Would be great to explore some alternatives:
- Should/can Phoenix take out a write lock in these write scenarios? But that 
would prevent flushes from happening, right?
- With stats enabled, the client would issue scans that are 
{{phoenix.stats.guidepost.width}} apart (300MB by default). This would 
essentially put an upper bound on the amount of data each region observer is 
handling. Did you test with and without stats, [~sergey.soldatov] and if so 
does this have an impact?
- Are there changes in HBase that would make sense to better support this? Is 
there some changes around the locking implementation that can be changed?
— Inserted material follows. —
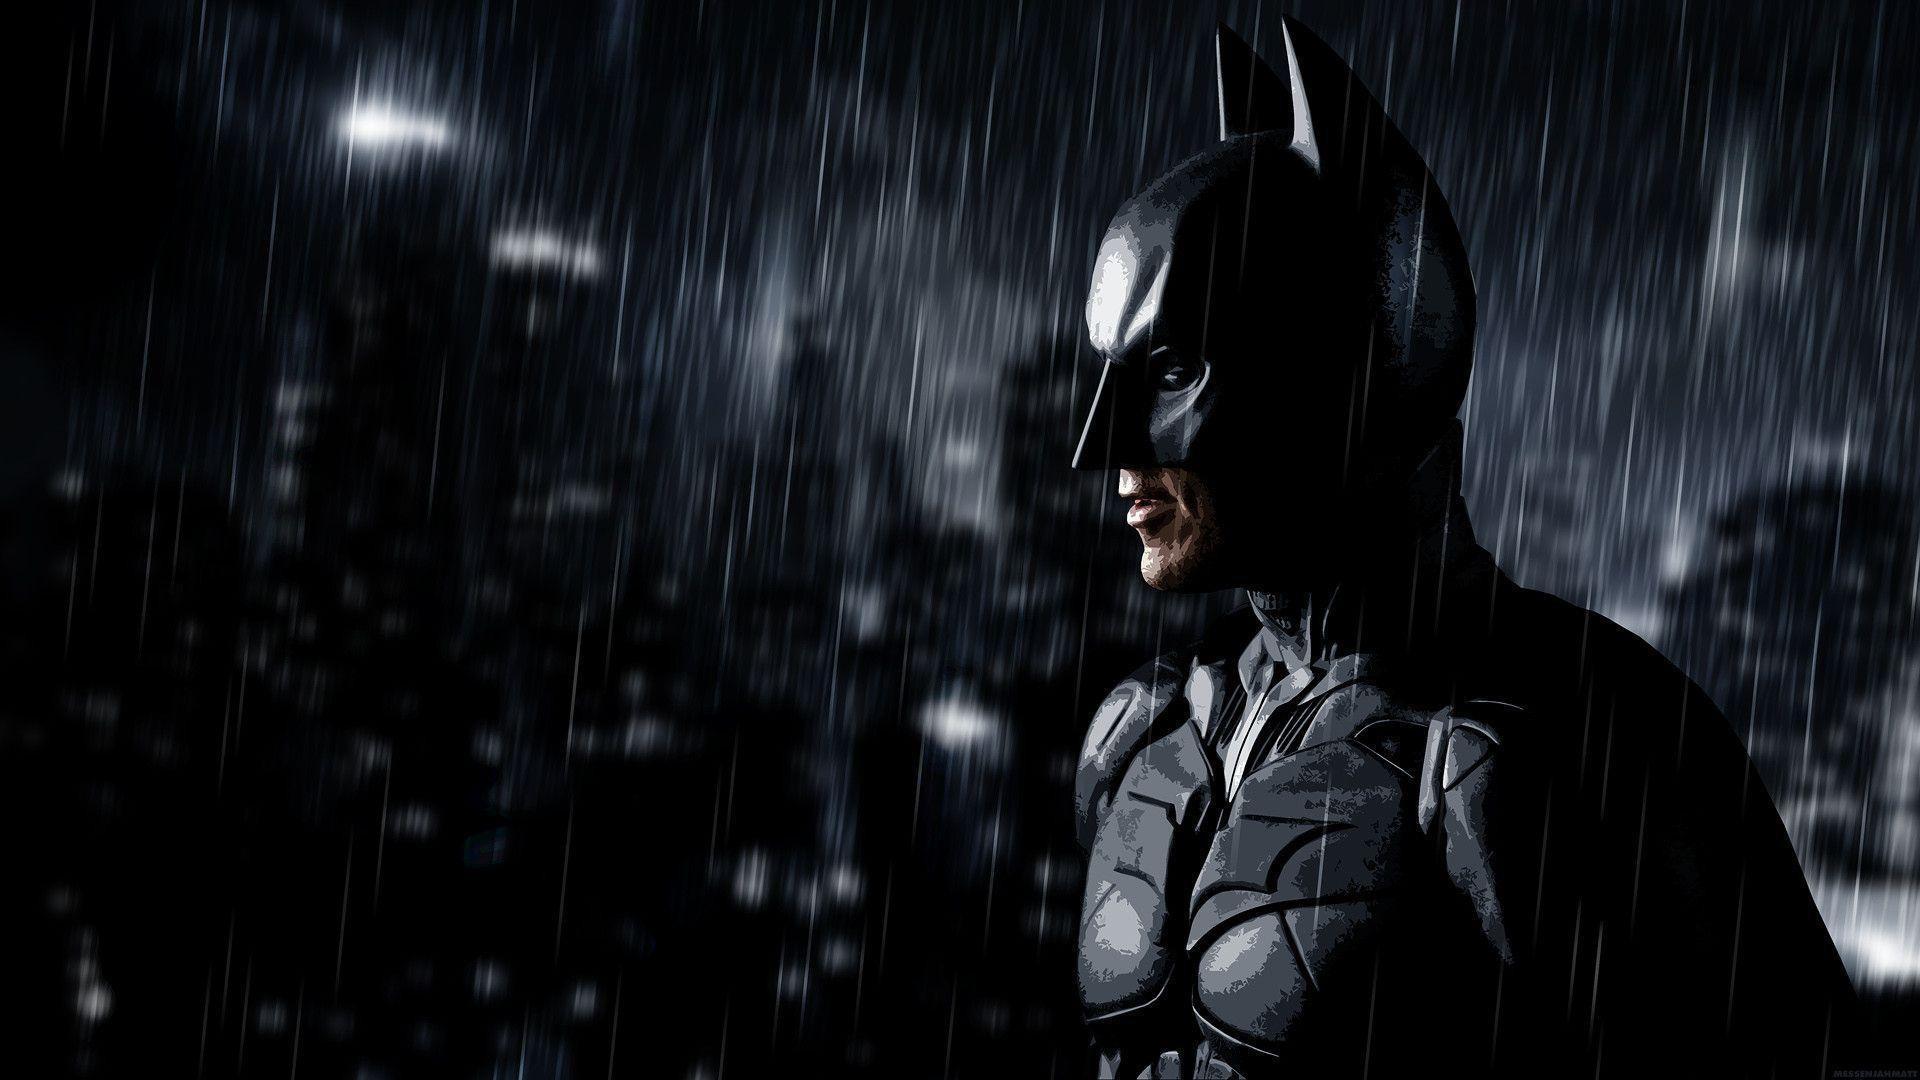 Batman Christmas Wallpaper 76 Images

> Possible Deadlock/delay while building index, upsert select, delete rows at 
> server
> ----------------------------------------------------------------------------------
>
>                 Key: PHOENIX-3111
>                 URL: https://issues.apache.org/jira/browse/PHOENIX-3111
>             Project: Phoenix
>          Issue Type: Bug
>            Reporter: Sergio Peleato
>            Assignee: Rajeshbabu Chintaguntla
>            Priority: Critical
>             Fix For: 4.8.0
>
>         Attachments: PHOENIX-3111.patch, PHOENIX-3111_addendum.patch, 
> PHOENIX-3111_v2.patch
>
>
> There is a possible deadlock while building local index or running upsert 
> select, delete at server. The situation might happen in this case.
> In the above queries we scan mutations from table and write back to same 
> table in that case there is a chance of memstore might reach the threshold of 
> blocking memstore size then RegionTooBusyException might be thrown back to 
> client and queries might retry scanning.
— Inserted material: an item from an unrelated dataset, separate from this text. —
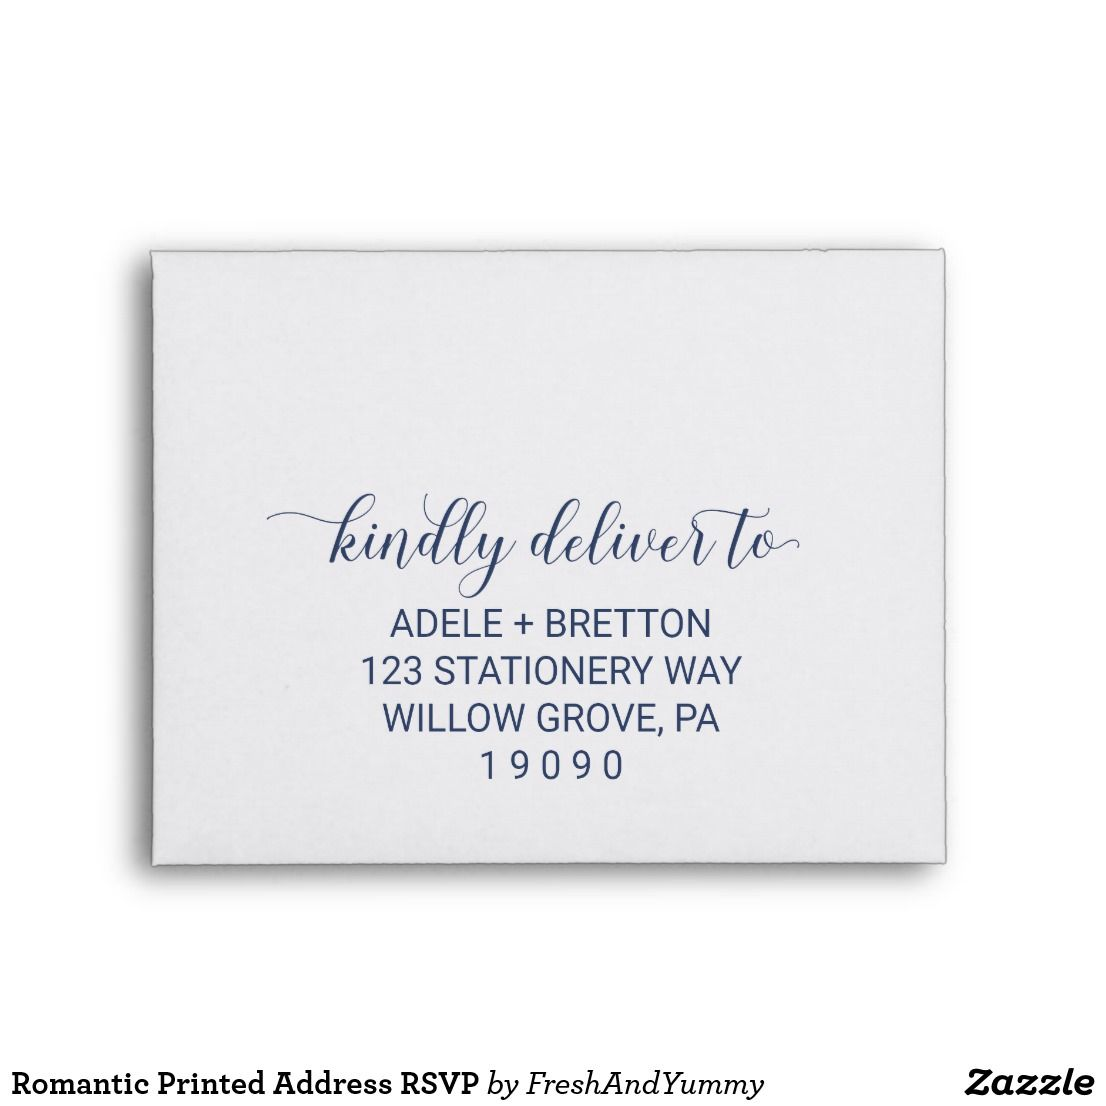 Printing Wedding Invitation Envelopes At Home: Romantic Printed Address RSVP Envelope

> Let's suppose if we take a local index build index case we first scan from 
> the data table and prepare index mutations and write back to same table.
> So there is chance of memstore full as well in that case we try to flush the 
> region. But if the split happen in between then split might be waiting for 
> write lock on the region to close and flush wait for readlock because the 
> write lock in the queue until the local index build completed. Local index 
> build won't complete because we are not allowed to write until there is 
> flush. This might not be complete deadlock situation but the queries might 
> take lot of time to complete in this cases.
> {noformat}
> "regionserver//192.168.0.53:16201-splits-1469165876186" #269 prio=5 
> os_prio=31 tid=0x00007f7fb2050800 nid=0x1c033 waiting on condition 
> [0x0000000139b68000]
>    java.lang.Thread.State: WAITING (parking)
>         at sun.misc.Unsafe.park(Native Method)
>         - parking to wait for  <0x00000006ede72550> (a 
> java.util.concurrent.locks.ReentrantReadWriteLock$NonfairSync)
>         at java.util.concurrent.locks.LockSupport.park(LockSupport.java:175)
>         at 
> java.util.concurrent.locks.AbstractQueuedSynchronizer.parkAndCheckInterrupt(AbstractQueuedSynchronizer.java:836)
>         at 
> java.util.concurrent.locks.AbstractQueuedSynchronizer.acquireQueued(AbstractQueuedSynchronizer.java:870)
>         at 
> java.util.concurrent.locks.AbstractQueuedSynchronizer.acquire(AbstractQueuedSynchronizer.java:1199)
>         at 
> java.util.concurrent.locks.ReentrantReadWriteLock$WriteLock.lock(ReentrantReadWriteLock.java:943)
>         at 
> org.apache.hadoop.hbase.regionserver.HRegion.doClose(HRegion.java:1422)
>         at 
> org.apache.hadoop.hbase.regionserver.HRegion.close(HRegion.java:1370)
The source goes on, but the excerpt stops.